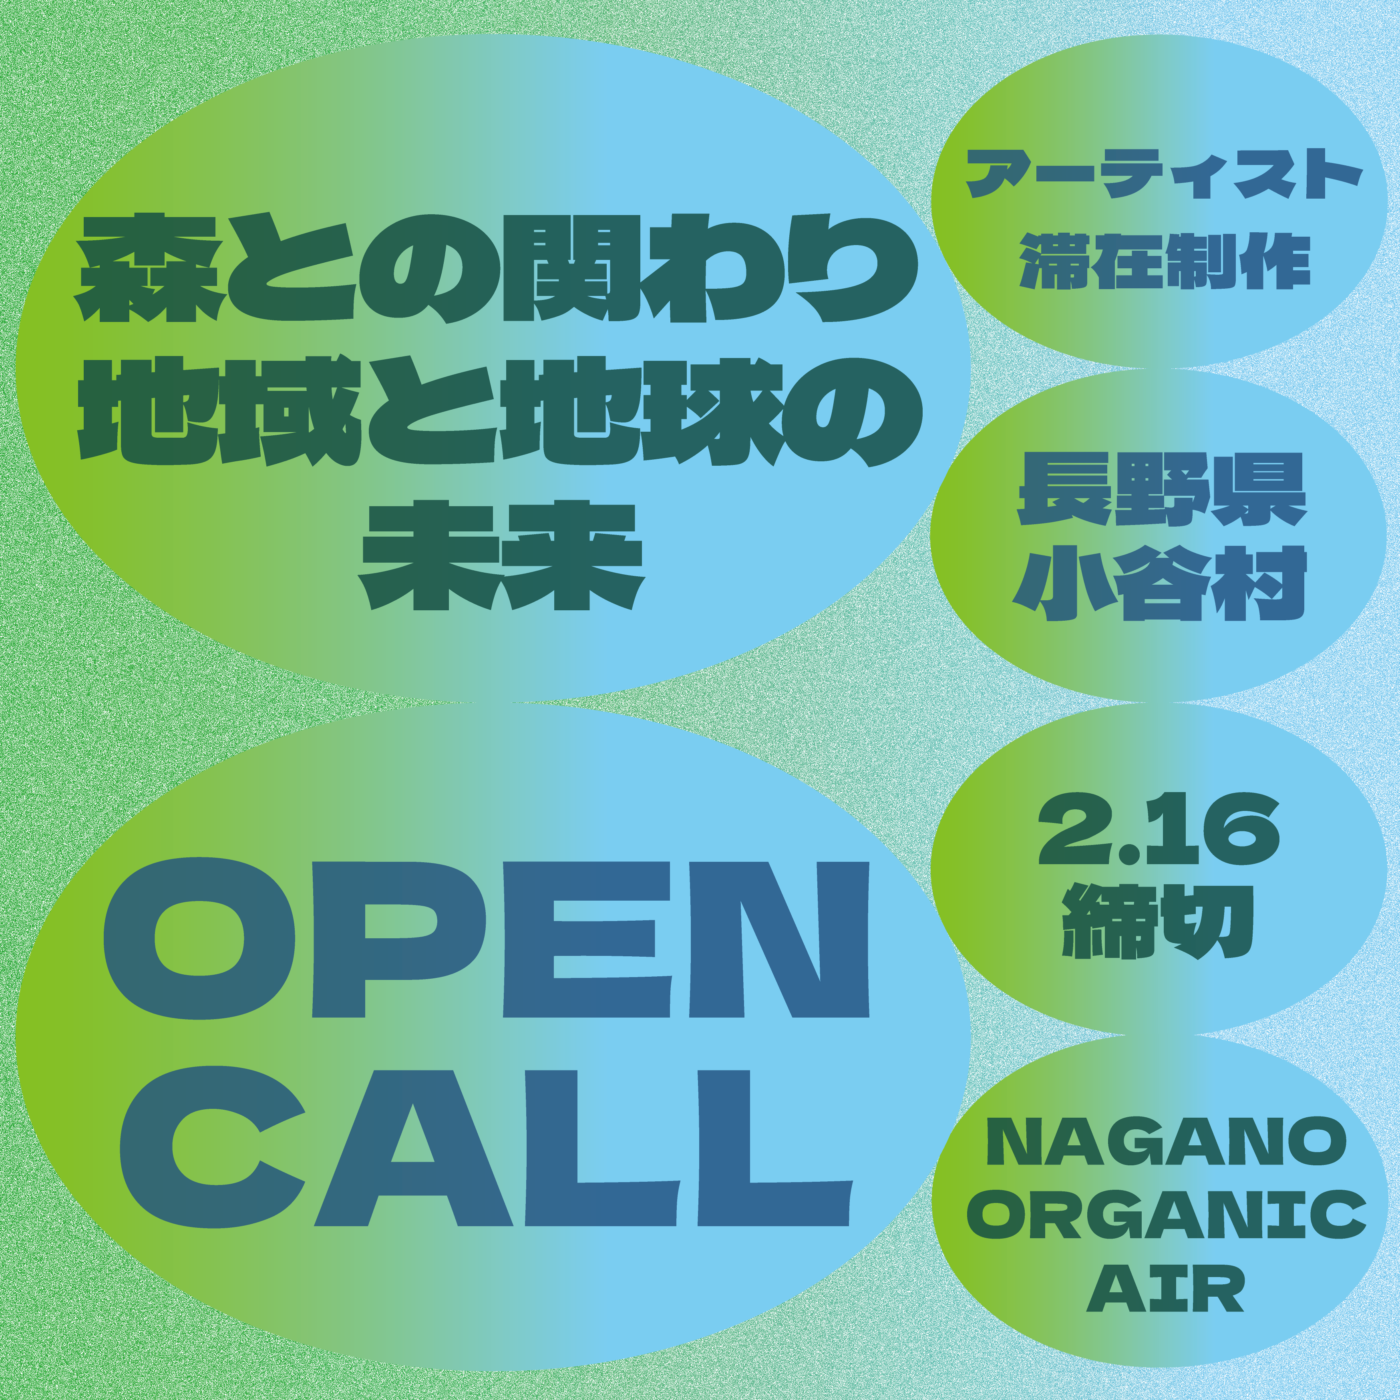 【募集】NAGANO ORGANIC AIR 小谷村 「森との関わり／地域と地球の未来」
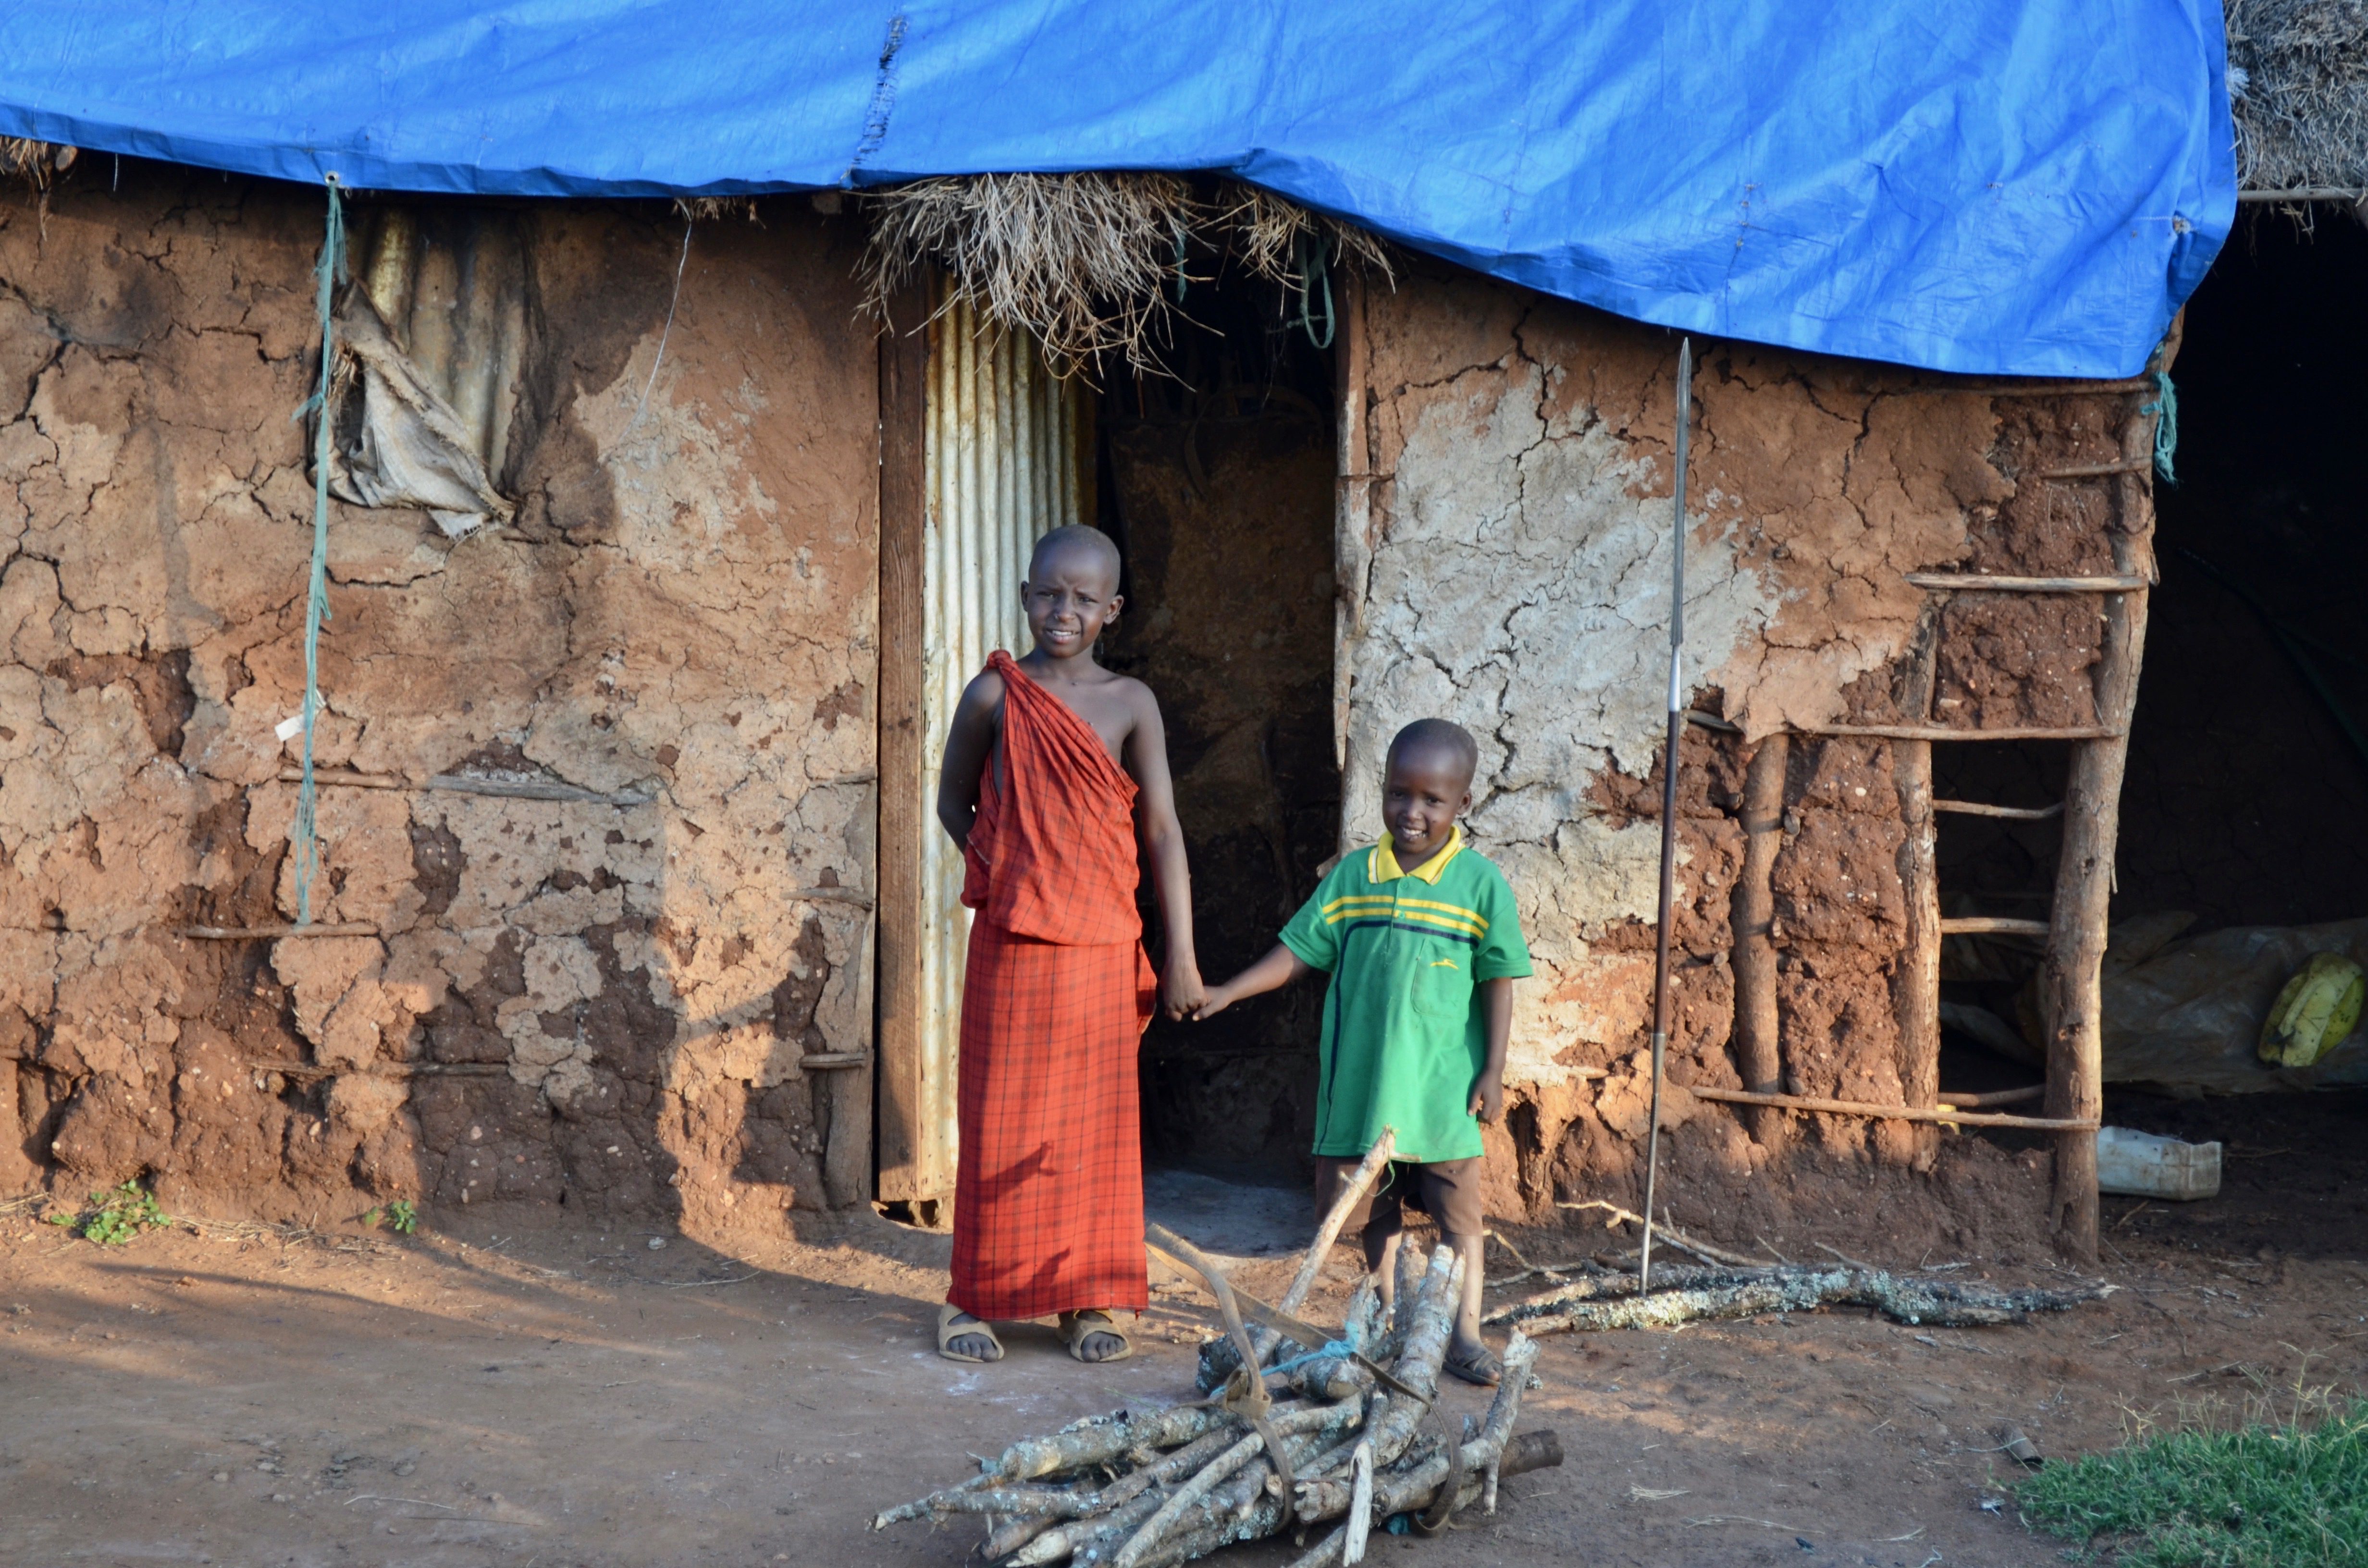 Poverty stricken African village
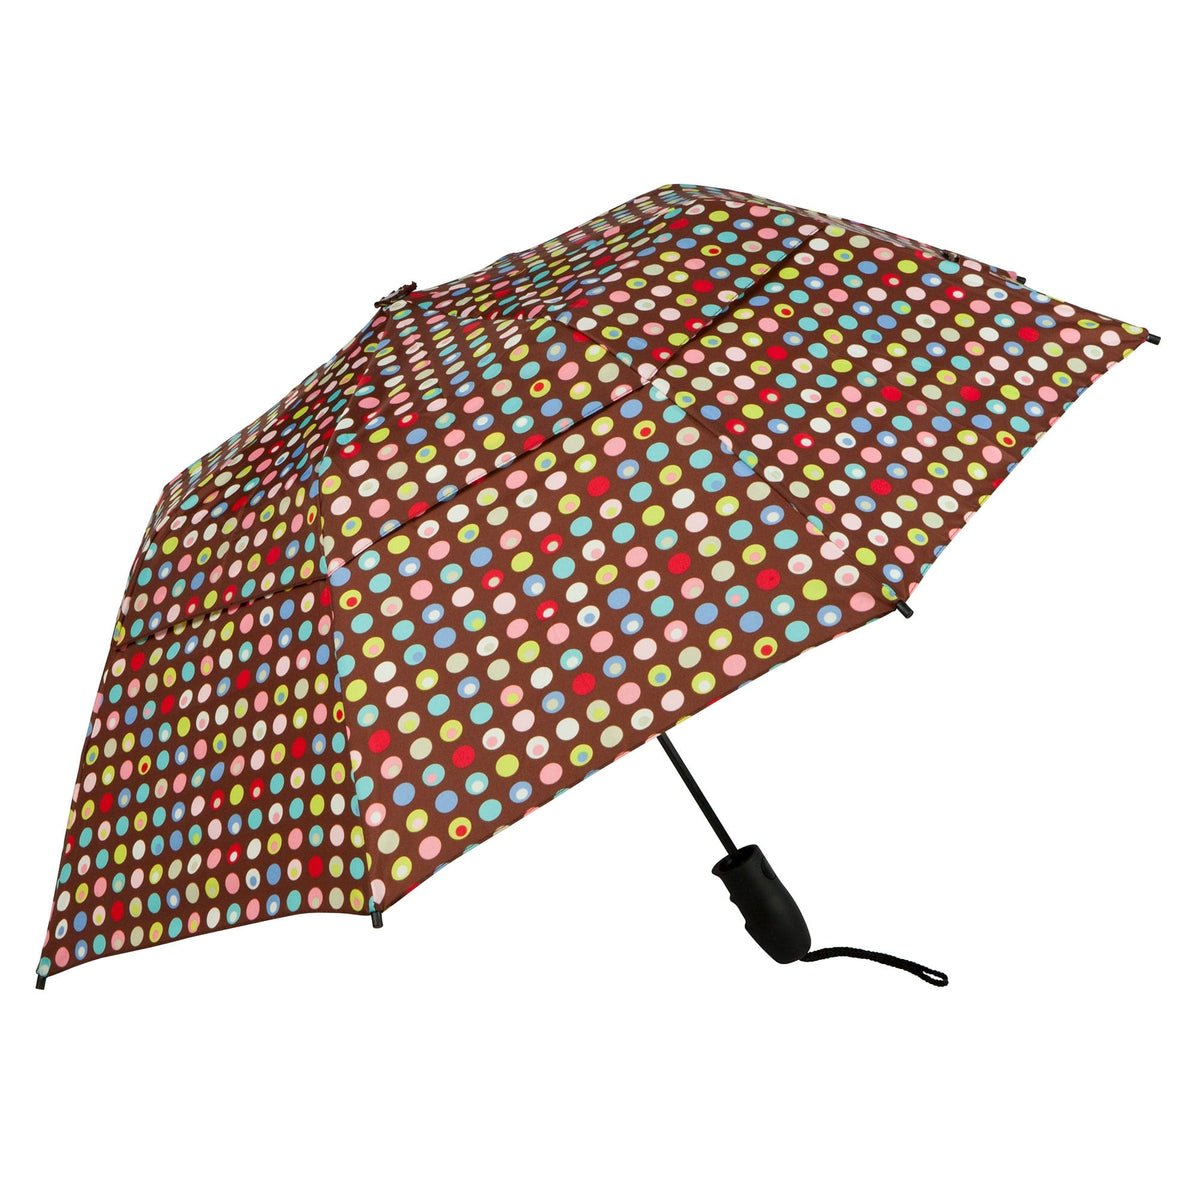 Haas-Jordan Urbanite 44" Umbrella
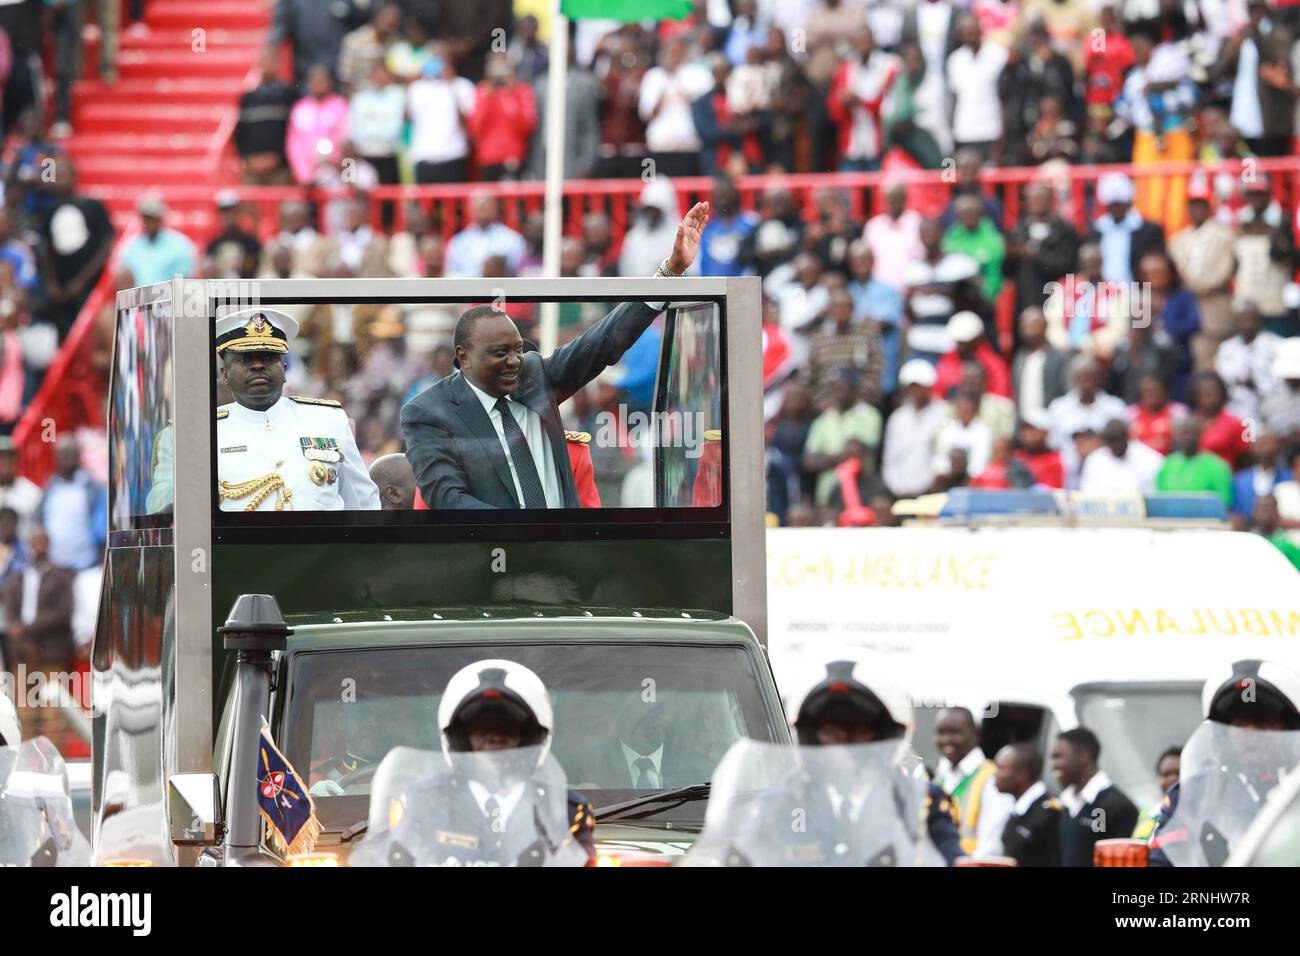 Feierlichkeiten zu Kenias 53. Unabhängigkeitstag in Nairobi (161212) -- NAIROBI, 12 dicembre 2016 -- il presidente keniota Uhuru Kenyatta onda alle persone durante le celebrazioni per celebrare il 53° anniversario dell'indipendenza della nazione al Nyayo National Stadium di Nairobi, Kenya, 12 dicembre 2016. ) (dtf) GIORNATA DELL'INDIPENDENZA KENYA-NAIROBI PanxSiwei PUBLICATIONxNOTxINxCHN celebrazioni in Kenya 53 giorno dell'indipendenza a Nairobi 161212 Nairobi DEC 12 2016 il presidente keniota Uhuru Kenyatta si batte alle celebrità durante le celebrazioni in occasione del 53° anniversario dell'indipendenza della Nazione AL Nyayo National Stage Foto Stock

+ + +

§ **What is expected**
Repeat the whole of the material above exactly, but keep the pictures out.

§ **Reply**
 【募集】NAGANO ORGANIC AIR 小谷村 「森との関わり／地域と地球の未来」
 Poverty stricken African village
 Haas-Jordan Urbanite 44" Umbrella
 Feierlichkeiten zu Kenias 53. Unabhängigkeitstag in Nairobi (161212) -- NAIROBI, 12 dicembre 2016 -- il presidente keniota Uhuru Kenyatta onda alle persone durante le celebrazioni per celebrare il 53° anniversario dell'indipendenza della nazione al Nyayo National Stadium di Nairobi, Kenya, 12 dicembre 2016. ) (dtf) GIORNATA DELL'INDIPENDENZA KENYA-NAIROBI PanxSiwei PUBLICATIONxNOTxINxCHN celebrazioni in Kenya 53 giorno dell'indipendenza a Nairobi 161212 Nairobi DEC 12 2016 il presidente keniota Uhuru Kenyatta si batte alle celebrità durante le celebrazioni in occasione del 53° anniversario dell'indipendenza della Nazione AL Nyayo National Stage Foto Stock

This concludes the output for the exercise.